An exact copy of the data is required, with no pictures in it.

Segment Start: Recorded data

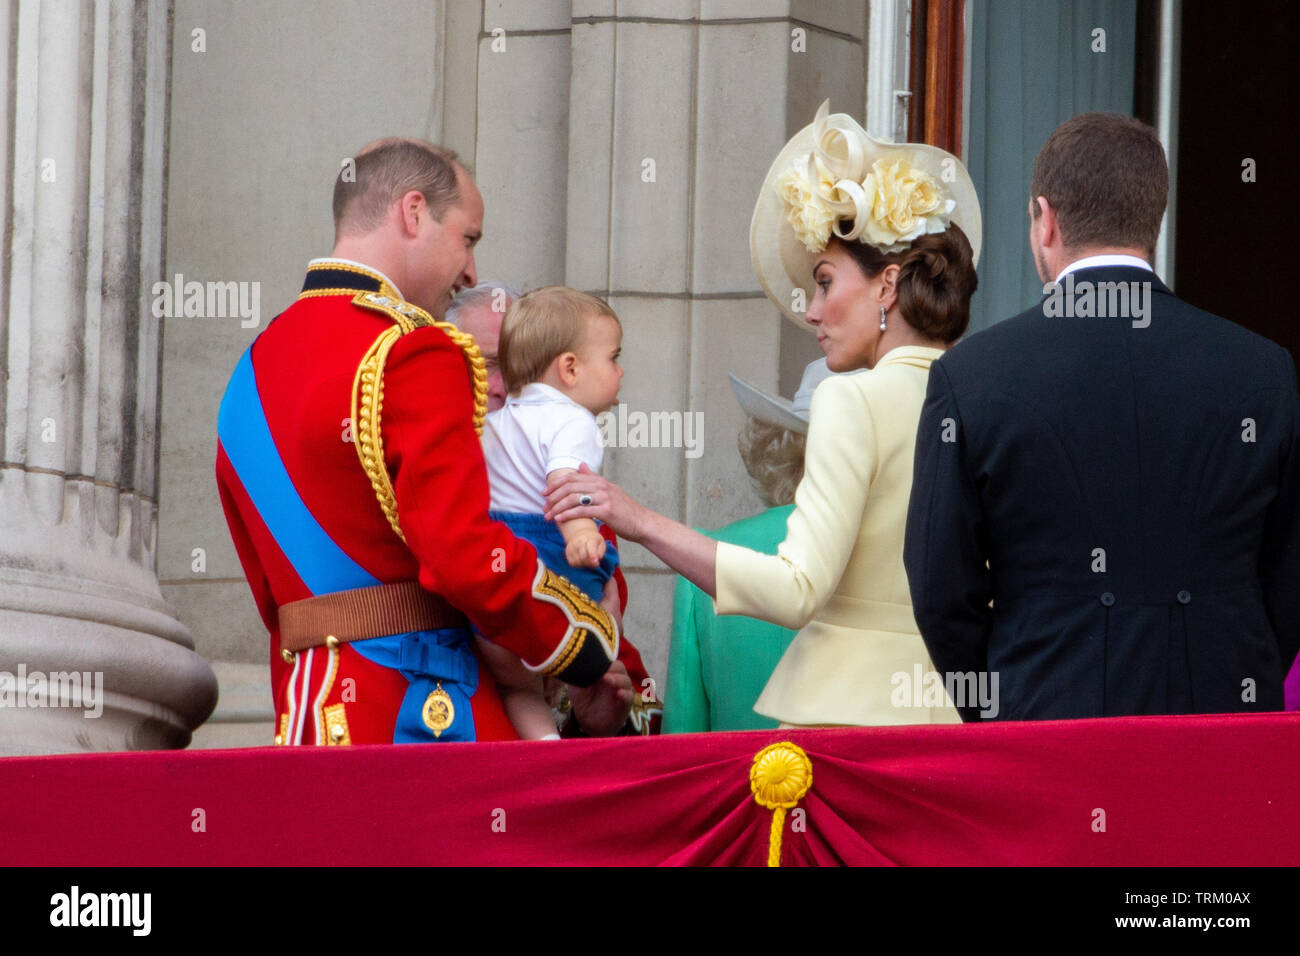 Picture dated June 8th shows Prince William, Catherine Duchess of Cambridge, Prince Louis,  at the Trooping the Colour in London today.   The Queen's official birthday has been marked with the annual Trooping the Colour parade. She was joined by members of her family and thousands of spectators to watch the display in Horse Guards Parade in Whitehall. The Prince of Wales, the Duchess of Cornwall, the Duke and Duchess of Cambridge and the Duke and Duchess of Sussex all attended. The Queen celebrated her 93rd birthday in April. The royal colonels - the Prince of Wales, colonel of the Welsh Guard Stock Photo
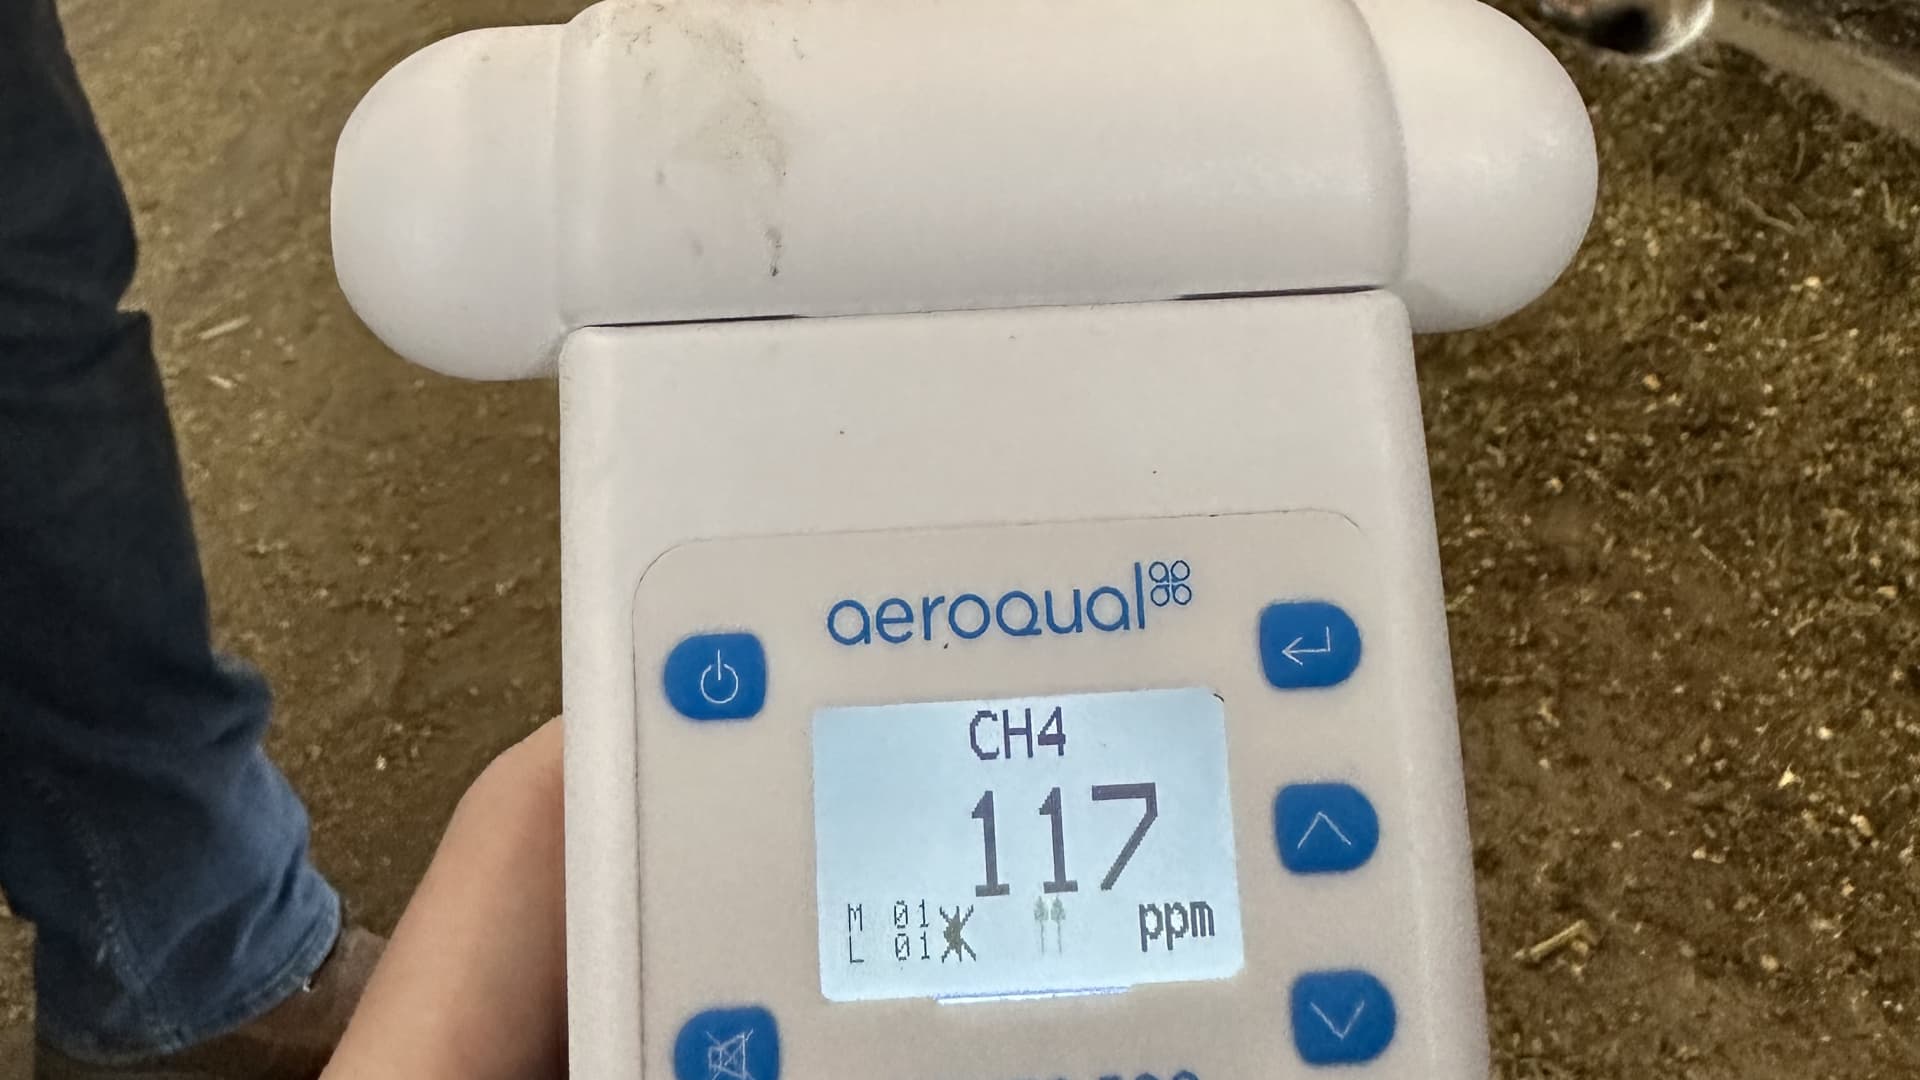 Measuring the methane in a dairy barn in 2022. Normal atmospheric conditions are supposed to be at 1.8 ppm, so this reading is more than 60 times higher than average. 
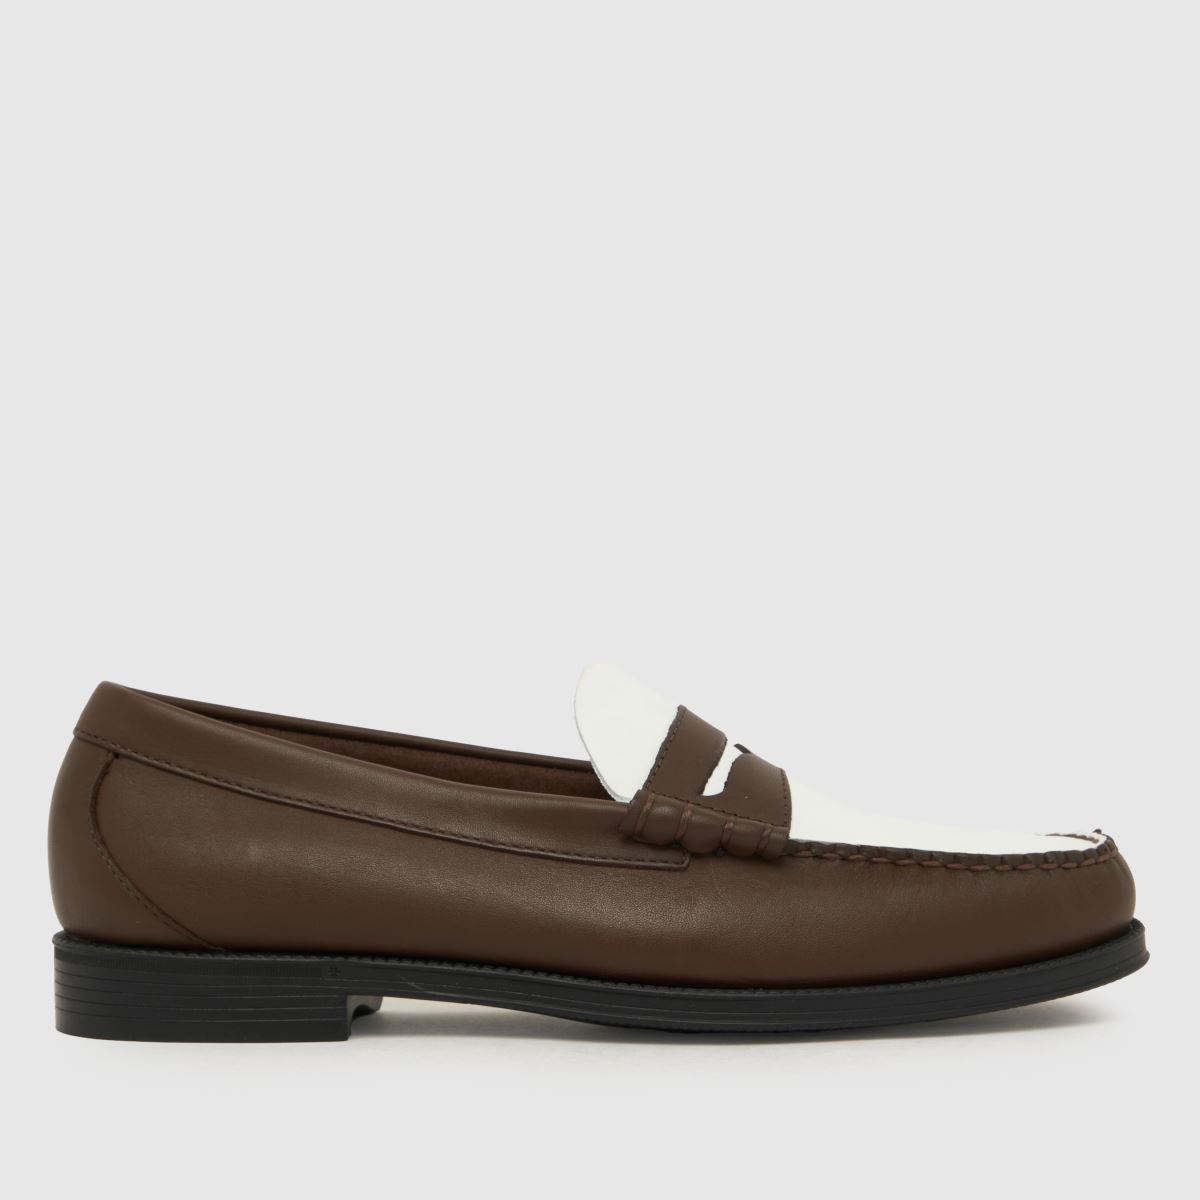 G.H. BASS weejun larson penny loafer shoes in brown multi

Segment End: Recorded data

> _Solution to the problem_:
 Picture dated June 8th shows Prince William, Catherine Duchess of Cambridge, Prince Louis,  at the Trooping the Colour in London today.   The Queen's official birthday has been marked with the annual Trooping the Colour parade. She was joined by members of her family and thousands of spectators to watch the display in Horse Guards Parade in Whitehall. The Prince of Wales, the Duchess of Cornwall, the Duke and Duchess of Cambridge and the Duke and Duchess of Sussex all attended. The Queen celebrated her 93rd birthday in April. The royal colonels - the Prince of Wales, colonel of the Welsh Guard Stock Photo
 Measuring the methane in a dairy barn in 2022. Normal atmospheric conditions are supposed to be at 1.8 ppm, so this reading is more than 60 times higher than average. 
 G.H. BASS weejun larson penny loafer shoes in brown multi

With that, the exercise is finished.